The Gemmill Fountain was the first public drinking fountain in Raffles Place, Singapore. It was eventually relocated to the National Museum of Singapore, where it currently stands.

==History==
The marble fountain was donated by businessman John Gemmill, the first auctioneer in Singapore, in 1864, after Gemmill had already retired to London. The fountain featured a carved lion head, through which water ran. However, by 1939, water no longer ran through the fountain. The words "FOR THE USE OF ALL NATIONS AT SINGAPORE. THIS DRINKING FOUNTAIN IS THE GIFT OF JOHN GEMMILL, FORMERLY OF THIS ISLAND AND NOW OF LONDON" are inscribed on the front of the fountain. It was placed at Raffles Place, where it remained as late as 1919 before being moved elsewhere. The fountain was largely forgotten until it was found in a Municipal store in 1923, after which it was returned to the centre of Raffles Place. By 1950, the fountain had been relocated in front of the Victoria Memorial Hall. It stood to the left of the Statue of Sir Stamford Raffles.

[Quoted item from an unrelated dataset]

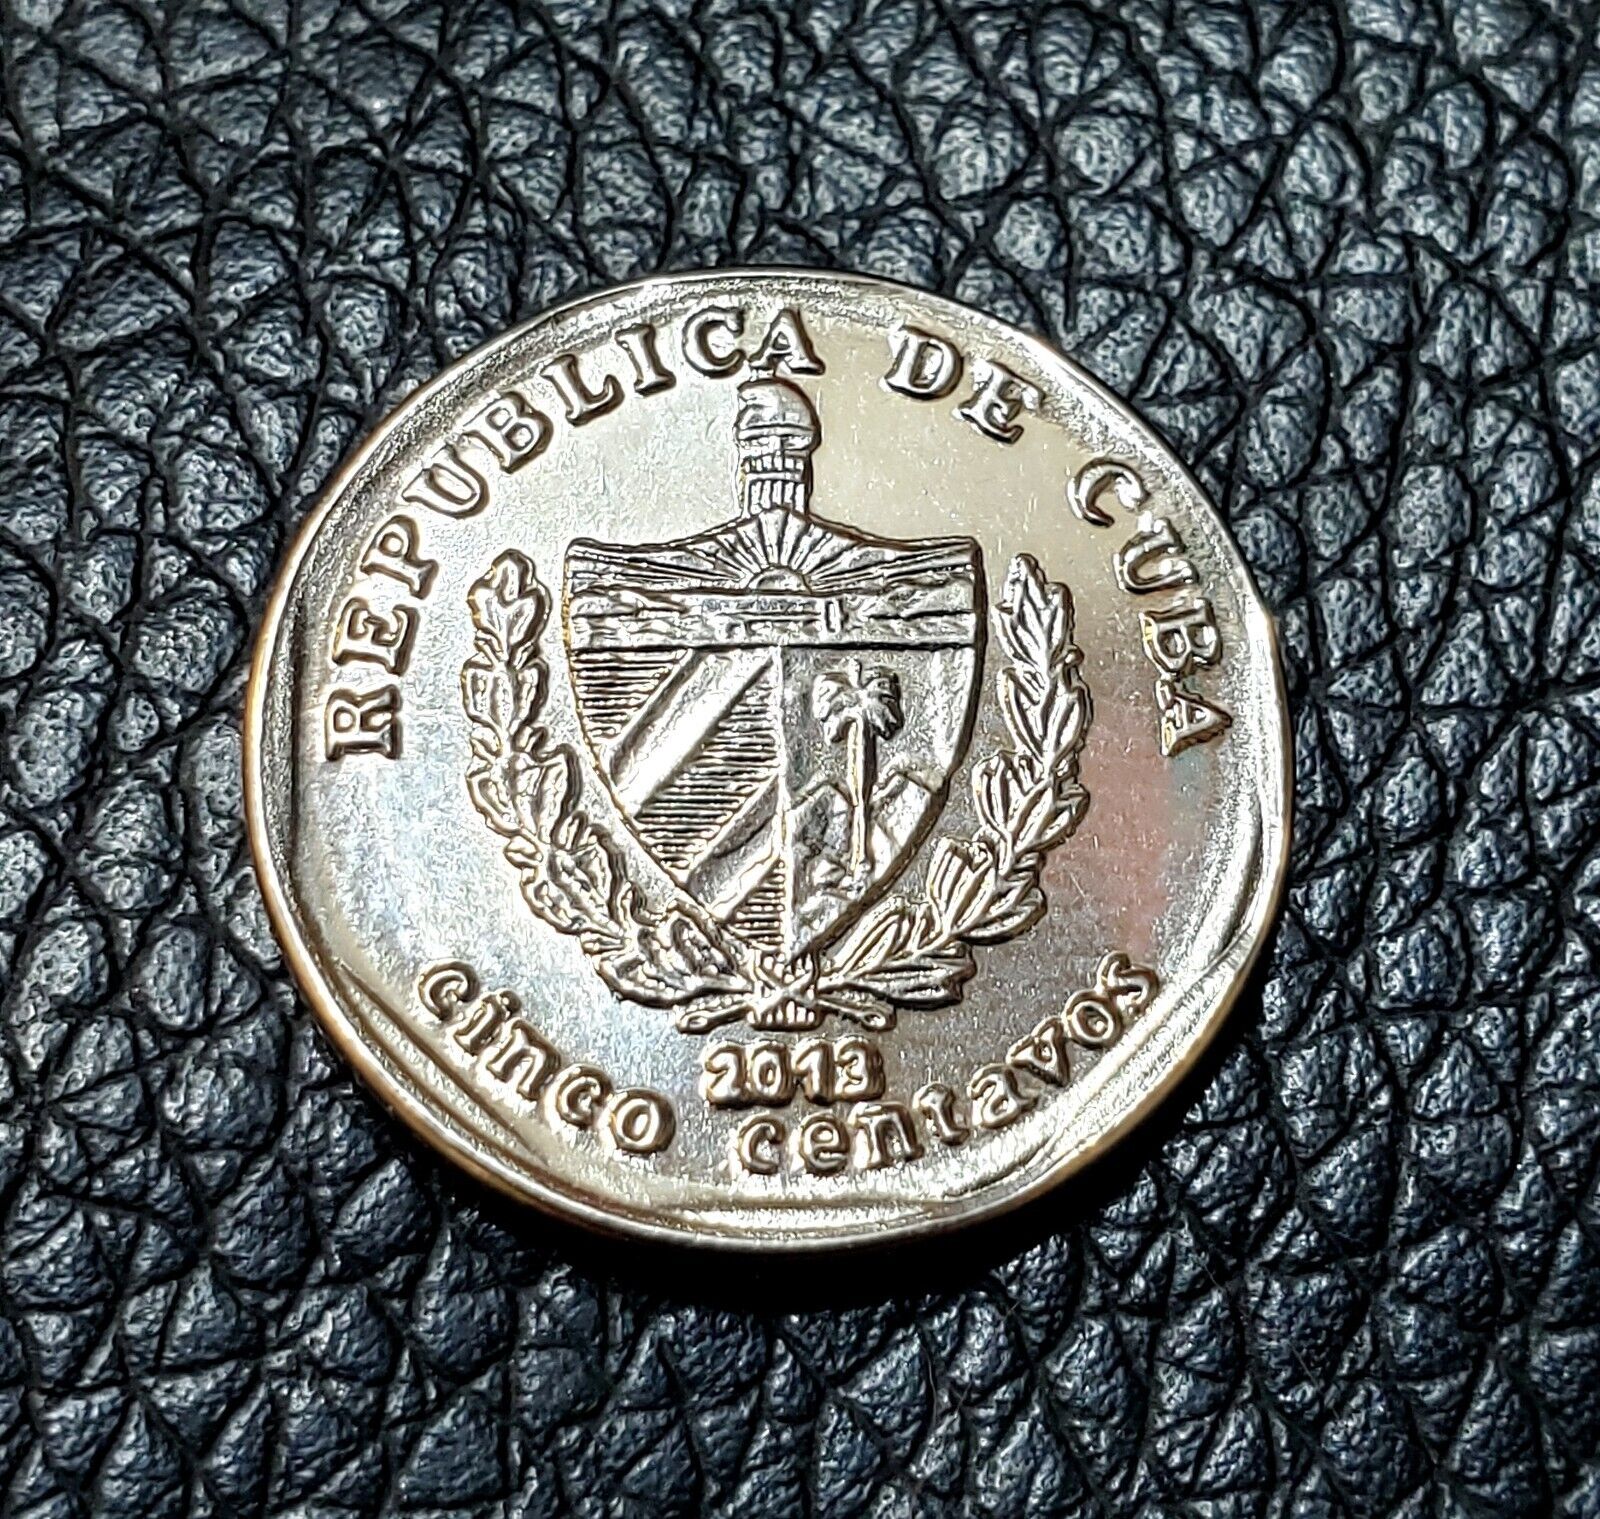 2013 Carribean Coin 5 Сentavos

During World War II, the fountain's water spout was damaged. The fountain was then brought to the National Museum of Singapore for safekeeping in 1967. Sand was placed in the fountain's basin to prevent the breeding of mosquitos. By 1970s, plans were being made to restore and potentially relocate the fountain. The fountain was situated in front of the museum's Young People Gallery. It was repaired at a cost of $2,100 in 1974. By 1995, although the fountain was still operational, green algae had grown at its basin. When the museum underwent renovations in 2002, the fountain was placed in the Heritage Conservation Centre. It was restored from September to December 2009 and placed at the outdoor terrace of the National Museum of Singapore.